When the coke core glows white, chemical action begins in the mixture around it. The top of the furnace now slowly settles, and cracks in long, irregular fissures, sending out a pungent gas which, when lighted, burns lambent blue. This gas is carbon monoxide, and during the process nearly six tons of it are thrown off and wasted. It seems, indeed, a somewhat extravagant process, for fifty-six pounds of gas are produced for every forty of carborundum.
"It is very distinctly a geological condition," said Mr. Fitzgerald; "crystals are not only formed exactly as they are in the earth, but we have our own little earthquakes and volcanoes." Not infrequently gas collects, forming a miniature mountain, with a crater at its summit, and blowing a magnificent fountain of flame, lava, and dense white vapour high into the air, and roaring all the while in a most terrifying manner. The workmen call it "blowing off."
Blowing Off.
"Not infrequently gas collects, forming a miniature mountain, with a crater at its summit, and blowing a magnificent fountain of flame, lava, and dense white vapour high into the air, and roaring all the while in a most terrifying manner."
At the end of thirty-six hours the current is cut off, and the furnace is allowed to cool, the workmen pulling down the brick as rapidly as they dare. At the centre of the furnace, surrounding the core, there remains a solid mass of carborundum as large in diameter as a hogshead. Portions of this mass are sometimes found to be composed of pure, beautifully crystalline graphite. This in itself is a surprising and significant product, and it has opened the way directly to graphite-making on a large scale. An important and interesting feature of the new graphite industry is the utilisation it has effected of a product from the coke regions of Pennsylvania which was formerly absolute waste.
To return to carborundum: when the furnace has been cooled and the walls torn away, the core of carborundum is broken open, and the beautiful purple and blue crystals are laid bare, still hot. The sand and the coke have united in a compound nearly as hard as the diamond and even more indestructible, being less inflammable and wholly indissoluble in even the strongest acids. After being taken out, the crystals are crushed to powder and combined in various forms convenient for the various uses for which it is designed.
I asked Mr. Acheson if he could make diamonds in his furnaces. "Possibly," he answered, "with certain modifications." Diamonds, as he explained, are formed by great heat and great pressure. The great heat is now easily obtained, but science has not yet learned nature's secret of great pressure. Moissan's method of making diamonds is to dissolve coke dust in molten iron, using a carbon crucible into which the electrodes are inserted. When the whole mass is fluid, the crucible and its contents are suddenly dashed into cold water or melted lead. This instantaneous cooling of the iron produces enormous pressure, so that the carbon is crystallised in the form of diamond.
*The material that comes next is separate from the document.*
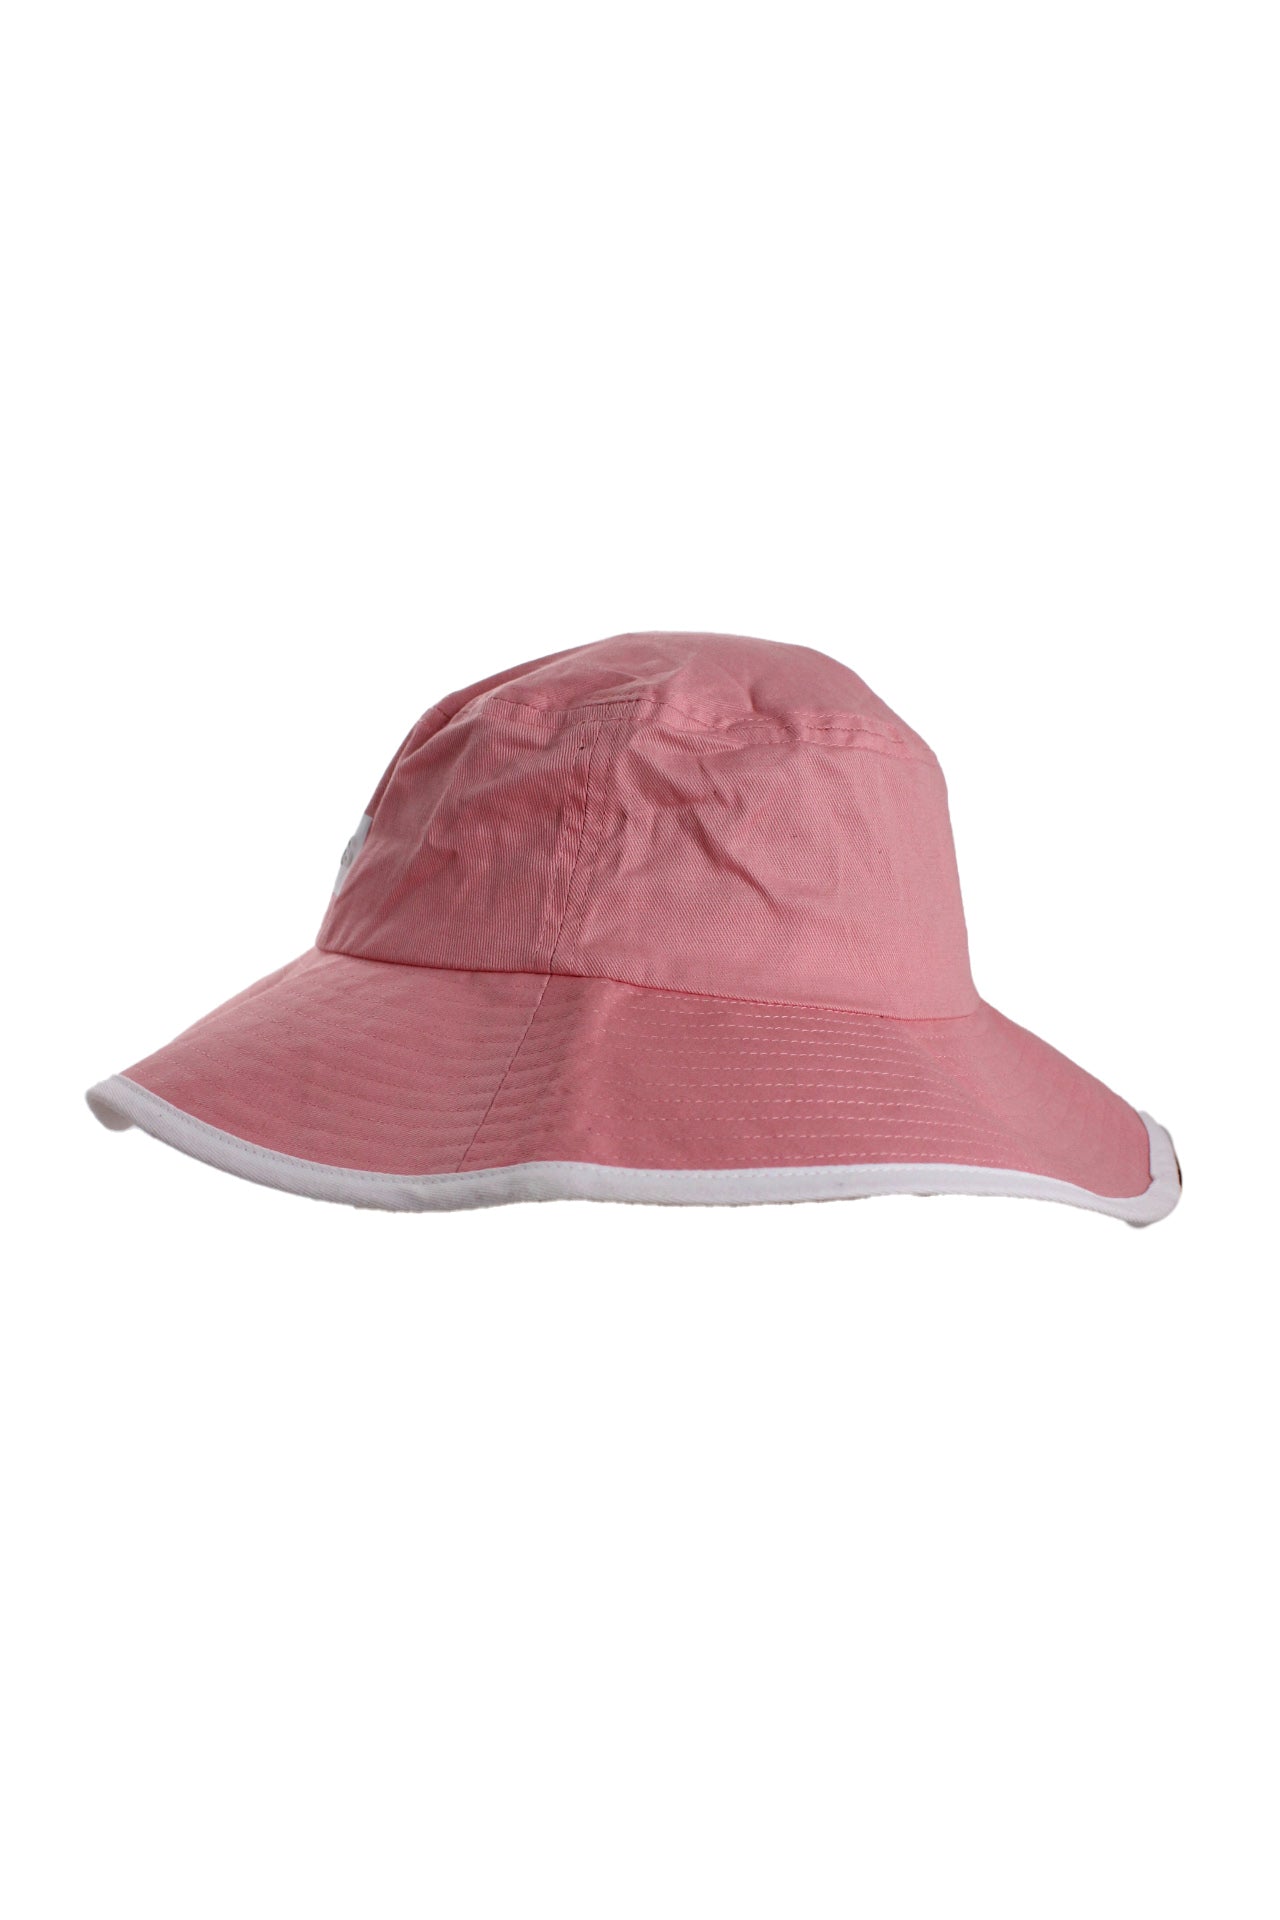 profile of pink bucket hat with white trimmed brim
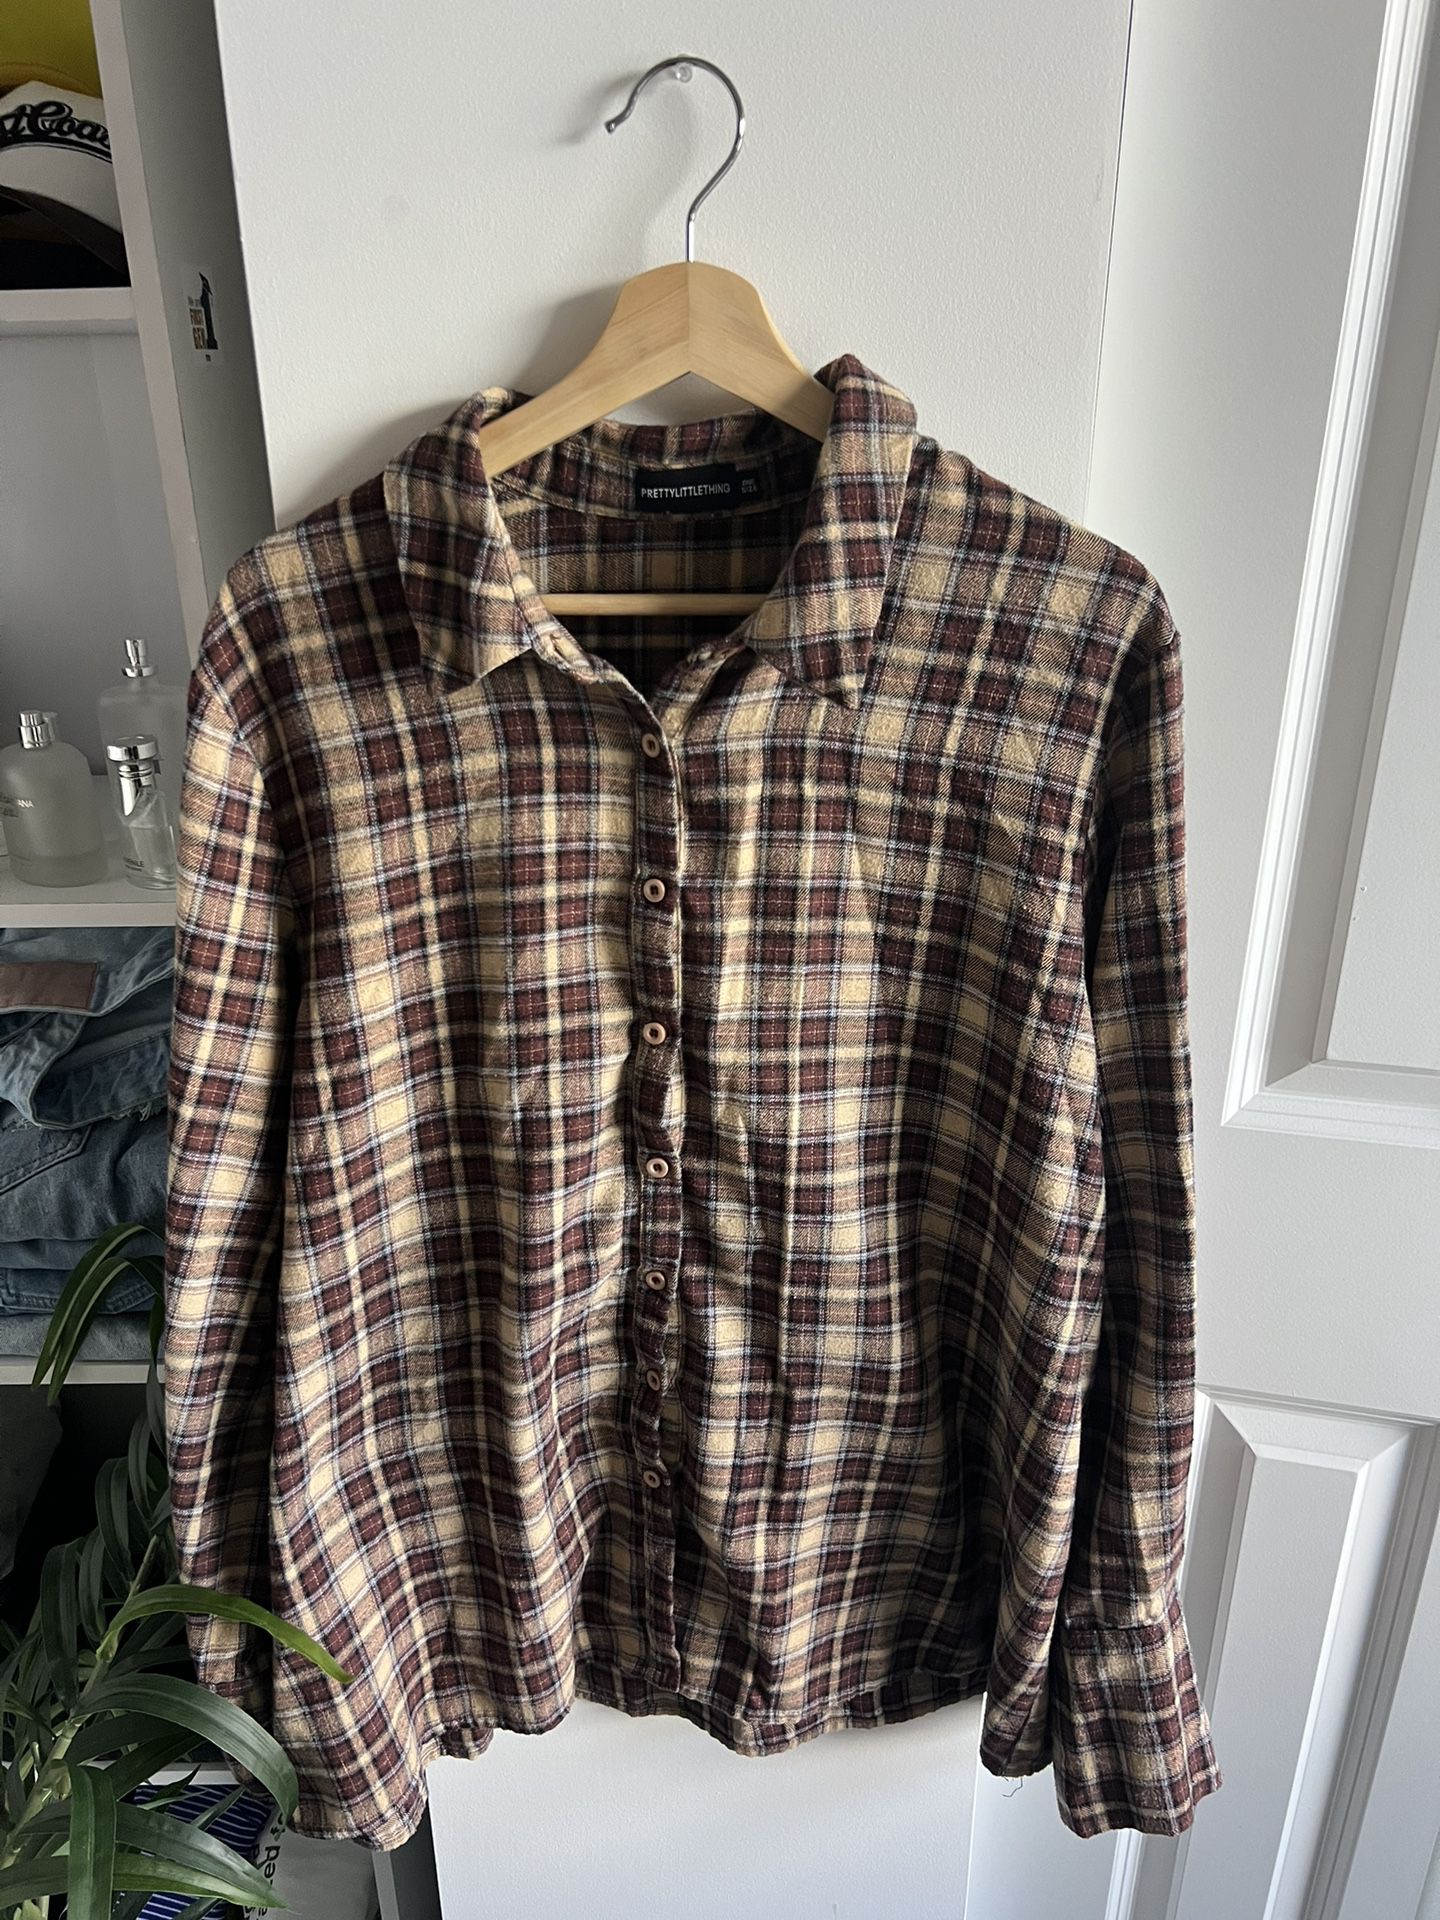 ! 6 for $30 ! Mens Flannels & Dress Shirts

But whatever it may or may not yet be able to do in the matter of diamond-making, there can be no doubt that the possibilities of the electrical furnace are beyond all present conjecture. With American inventors busy in its further development, and with electricity as cheap as the mighty power of Niagara can make it, there is no telling what new and wonderful products, now perhaps wholly unthought-of by the human race, it may become possible to manufacture, and manufacture cheaply.